Tuesday, 27 November 2007

Geospatial Knowledge Infrastructures Workshop

I managed to catch some of the Geospatial Knowledge Infrastructures Workshop today, part of the eSI programme and hosted by the Welsh eScience Centre. Here are my quick notes...

Rob Lemmens from International Institute for Geo-Information Science and Earth Observation talked about end-user tools. He outlined the different approaches of corporate/national Spatial Data Infrastructures (SDIs) which is a centralised approach and Web 2.0 which is community driven. SDIs are based on stricter rules for annotation and accuracy tends to be higher than Web 2.0 tools, although this is changing. Rob outlined the need for a semantic interoperability framework (combination of ontologies, their relationships and methods for ontology-based description of info sources - data sets, services etc) and a semantic interoperability infrastructure (comprises framework and the tools to maintain and use the framework as well as the information sources produced within this framework).

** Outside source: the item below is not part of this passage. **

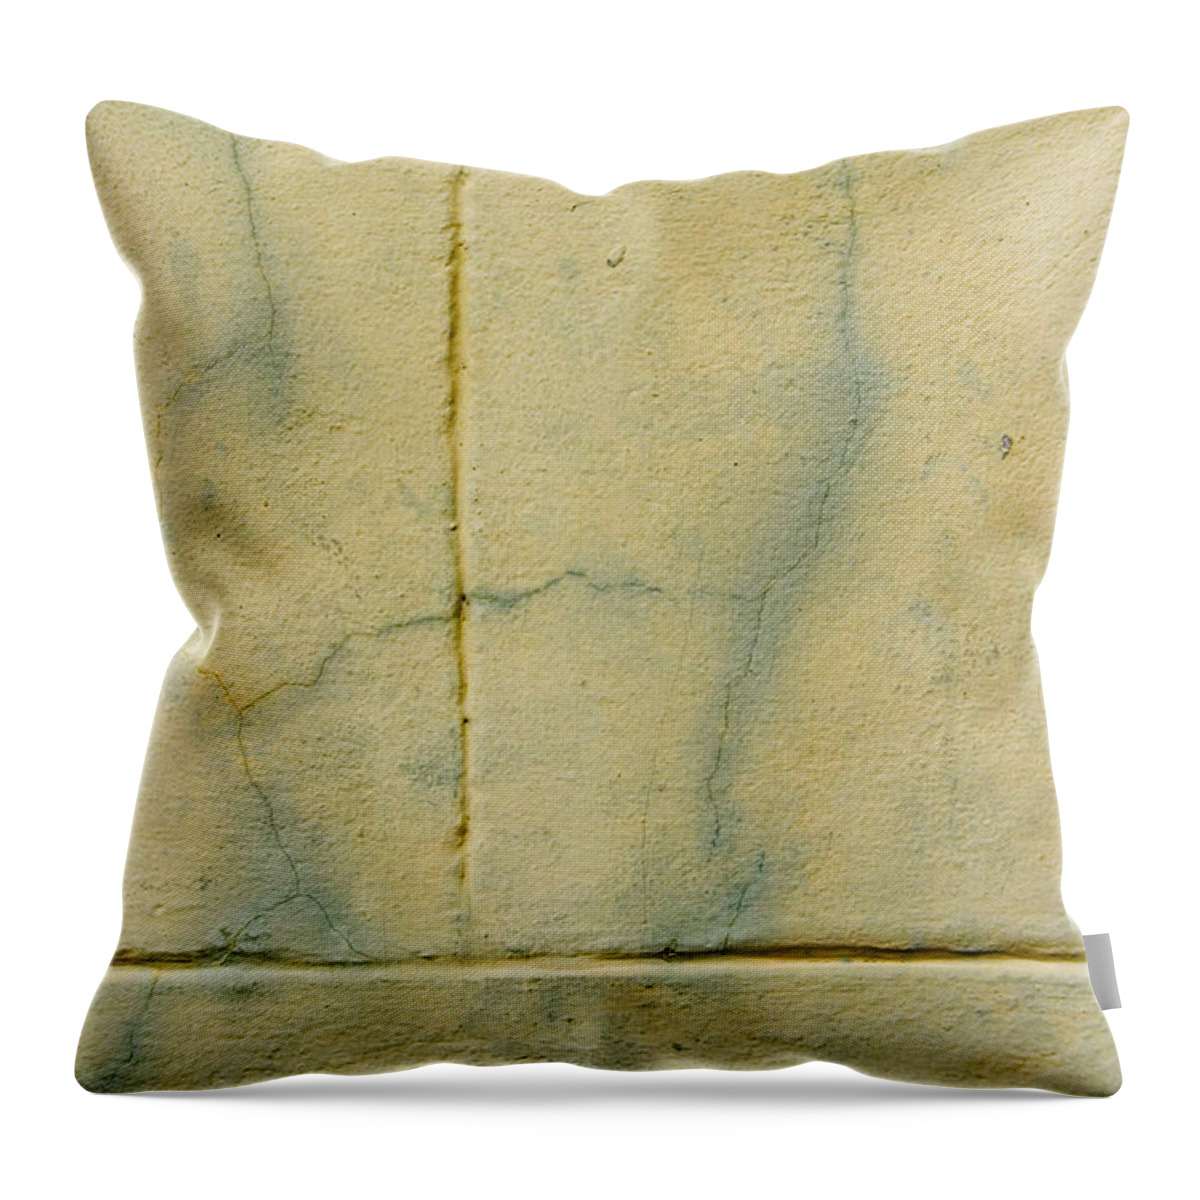 Wall Throw Pillow featuring the photograph Wallspace by Grant Groberg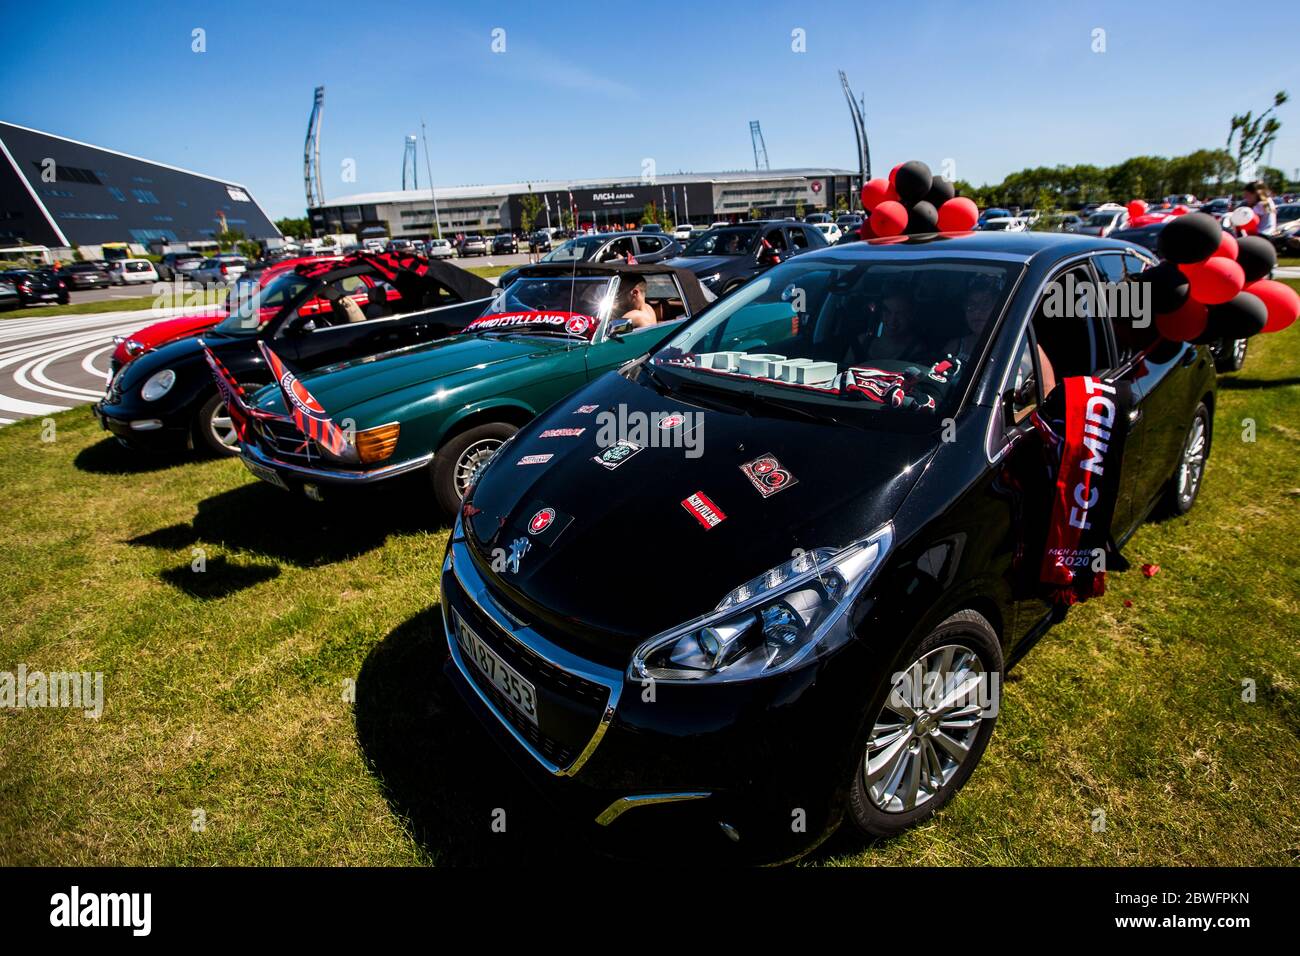 Herning, Denmark. 01st June, 2020. Fans of the Danish league leaders FC  Midtjylland support the team from their cars when the Danish Superliga  match between FC Midtjylland and AC Horsens takes place.

Rob's presentation also included a slide outlining the characteristics of an ontology which was a good representation and a demonstration of ontology visualisation (same tool which ASSERT is using for clustering?). Rob concluded by summarising what the geospatial community can learn and take from Web 2.0, for example tagging/tag clouds, tools for building ontologies (community tagging e.g Google Image Labeller), instant feedback (e.g. password strength bars when selecting a new password) - on the negative side, community-driven tagging can lead to weak semantics. Rob suggests combining the best of both SDI and Web 2.0 worlds - map the SDI and Web2.0 ontologies to create dynamic annotations of geo sources, thus improving discovery.

Ulrich Bugel from Fraunhofer Institut IITB presented on ontology based discovery and annotation of resources in geospatial applications. Ulrich talked about the ORCHESTRA project (http://www.eu-orchestra.org/) which aims to design and implement an open service-oriented architecture to improve interoperability in a risk management setting (e.g. how big is the risk of a forest fire in a certain region of the Pyrenees in a given season?). This question has spatial references (cross-border, cross-administration); temporal references (time series and prognostics); thematic reference (forest fire); and conceptual reference (what is risk?). ORCHESTRA will build a service network to address these sorts of question. Interoperability is discussed on 3 levels - syntactic (encodings), structural (schemas, interfaces), semantic (meaning). The project has produced the Reference Model for the ORCHESTRA Architecture (RM-OA), drawing on standards from OGC, OASIS, W3C, ISO 191xx, ISO RM-ODP. Many iterations of the Reference Model which led to Best Practice status at OGC. The ORCHESTRA Architecture comprises a number of semantic services: Annotation Service automatically generates meta-information from sources and relates them to elements of an ontology; Ontology Access Service enabling high-level access and queries to ontologies; Knowledge Base Service; Semantic Catalogue Service.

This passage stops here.